Check out the full Salt Masters site here with free delivery on everything over £50!

Pink-Salted Chocolate Fudge


4″x6″ rectangular baking tin
Greaseproof paper
Silicone backed spoon

100g unsalted butter
200g dark chocolate (75% cocoa solids)
1 can condensed milk
230g soft dark brown sugar
1/2 tsp vanilla extract
1/4 tsp fine ground Salt Masters Himalayan Salt
1/2 tsp coarse Salt Masters Himalayan Salt

Line your tin with greaseproof paper and set aside, then break your chocolate up into pieces. Pleeeeeeeeease don’t use cheap cooking chocolate for this recipe invest in a couple of decent, high cocoa content bars! I particularly like the fair trade 80% dark chocolate from Co-op.
Melt the butter in a reasonably sturdy pan then take off the heat and stir in the condensed milk, then the brown sugar. When thoroughly mixed, return to the heat until it just starts to bubble. Start to stir now (don’t use a wooden spoon) and maintain a low, steady simmer for 2 minutes.
Take the pan off the heat and add the fine salt, vanilla extract and the chocolate, stirring until the chocolate is thoroughly melted and combined with the sugar mix.
Return to the heat until it just starts to simmer again then take the pan off, stir quickly once more then pour the mixture into your tin. If you have a silicon spoon use this to level the top or simply give the pan a good wiggle to distribute the fudge out evenly.

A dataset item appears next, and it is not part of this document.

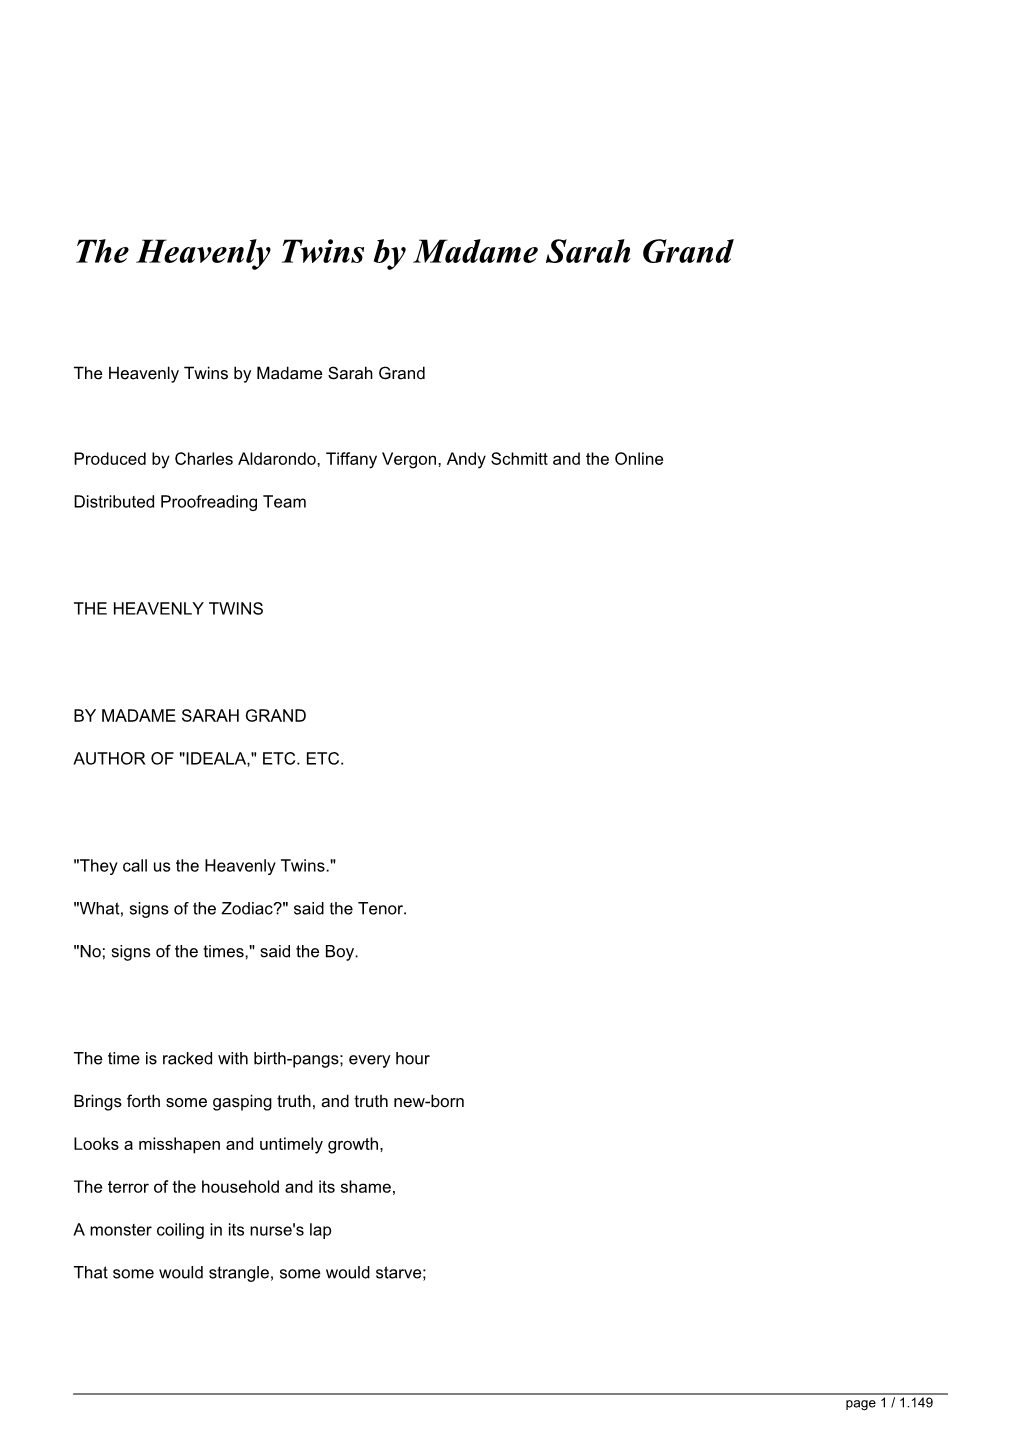 The Heavenly Twins by Madame Sarah Grand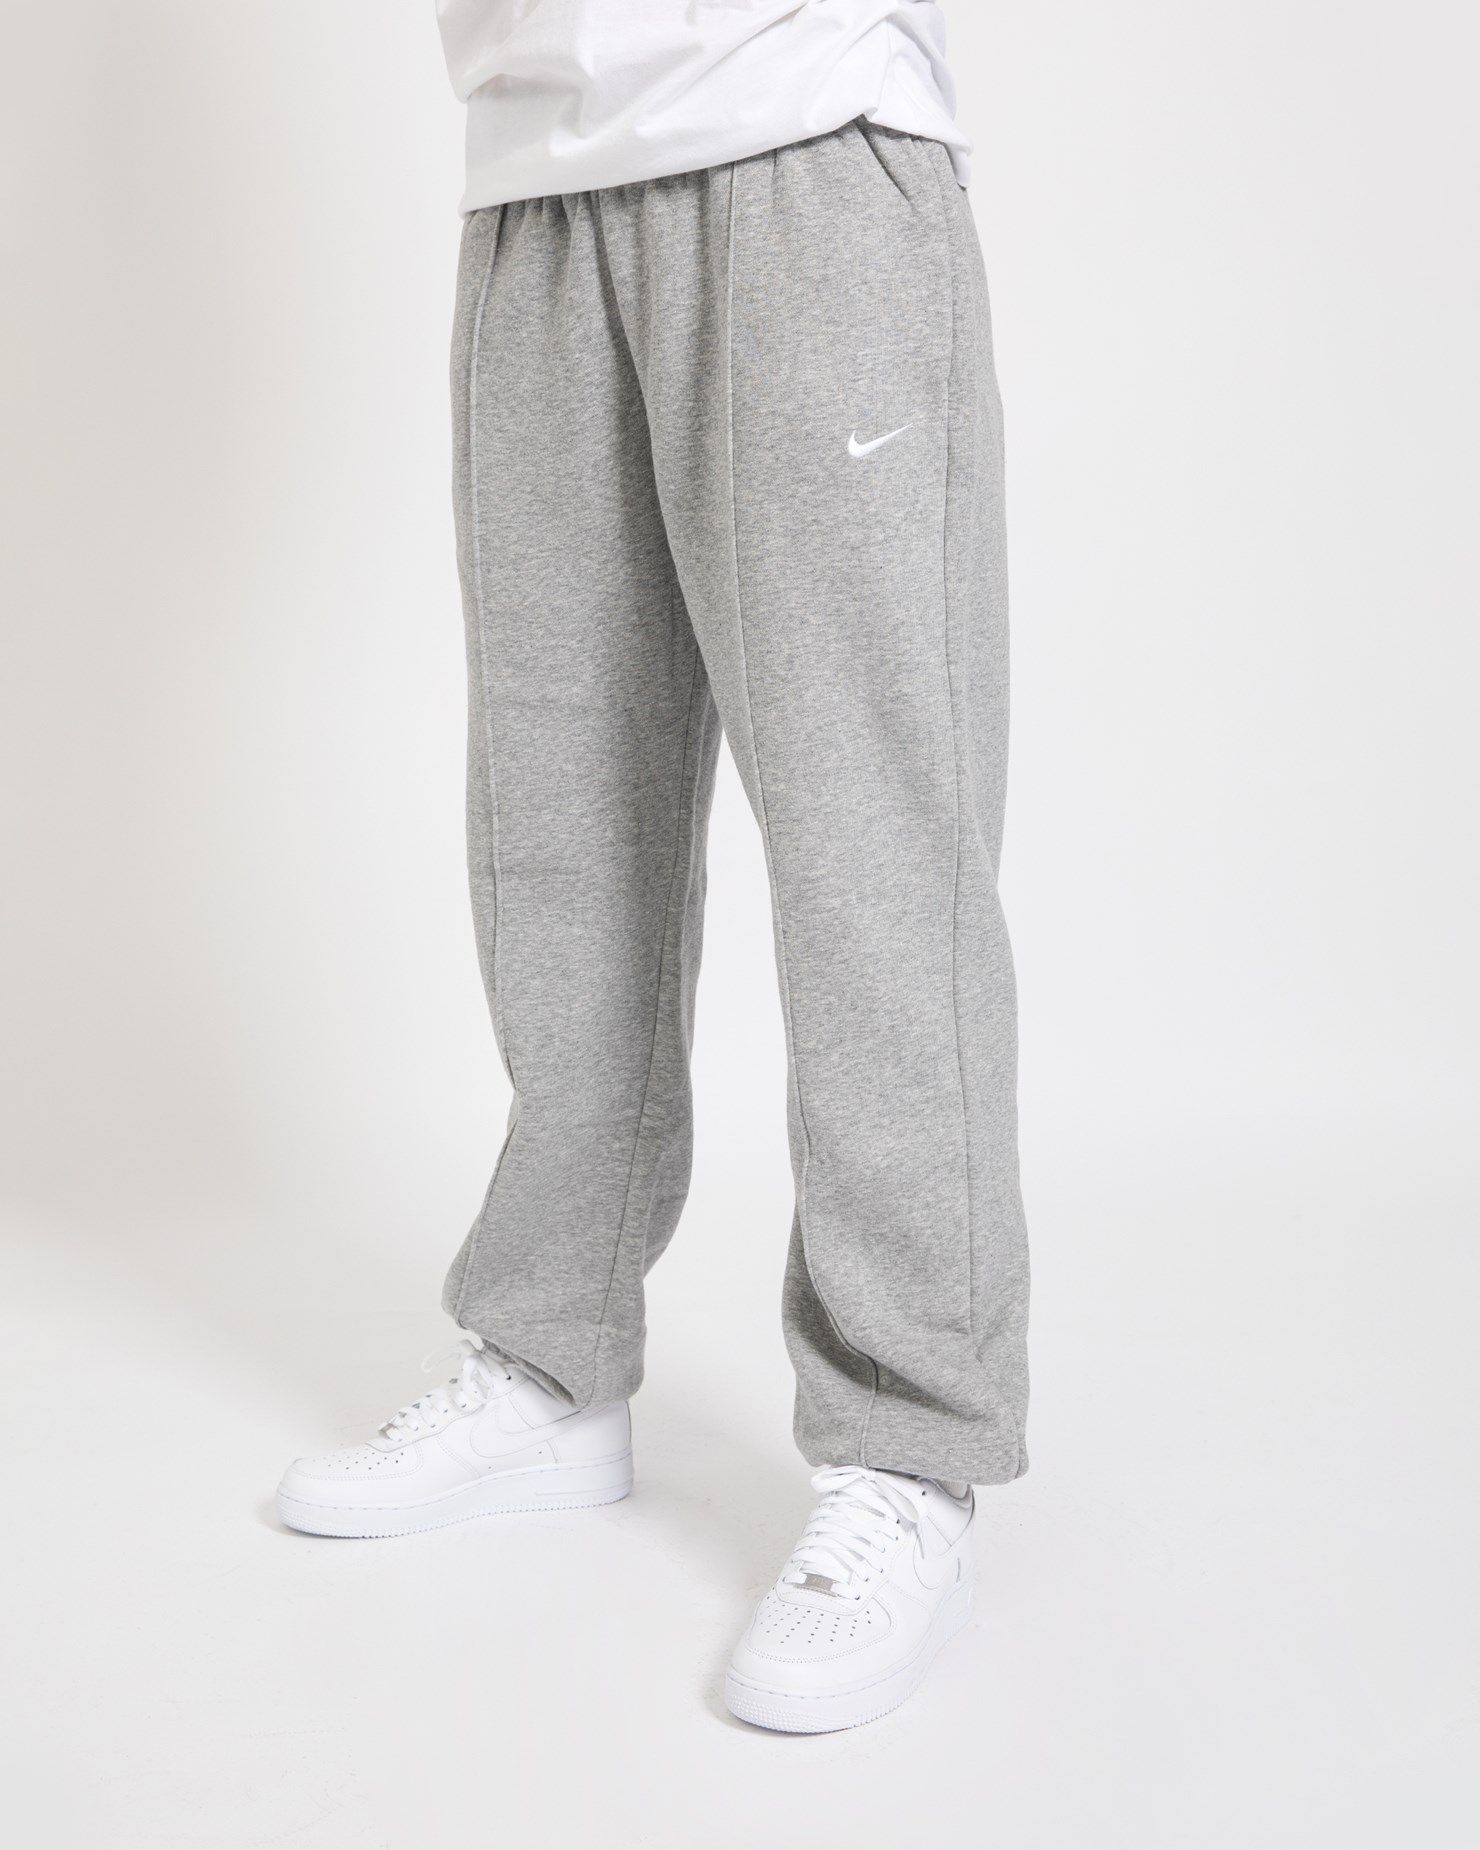 How to Wear Fleece Pants: The Awesome Thick Sweatpants for Women

Set aside on a heat proof surface for 2 hours then scatter the coarse salt evenly over the top. The fudge will take over night at room temperature or 2-3 hours in the fridge to set fully, do it at room temperature if possible as the set will be better.
Cut into pieces with a sharp knife and serve or gift as you wish, it will keep in an air tight container for a couple of weeks, if you can resist it for that long!




*this post has been sponsored by Himalayan Salt Masters and I was gifted two bags of their salt for this purpose, however I would assure you that I would never recommend products or services with anything but my genuine opinion.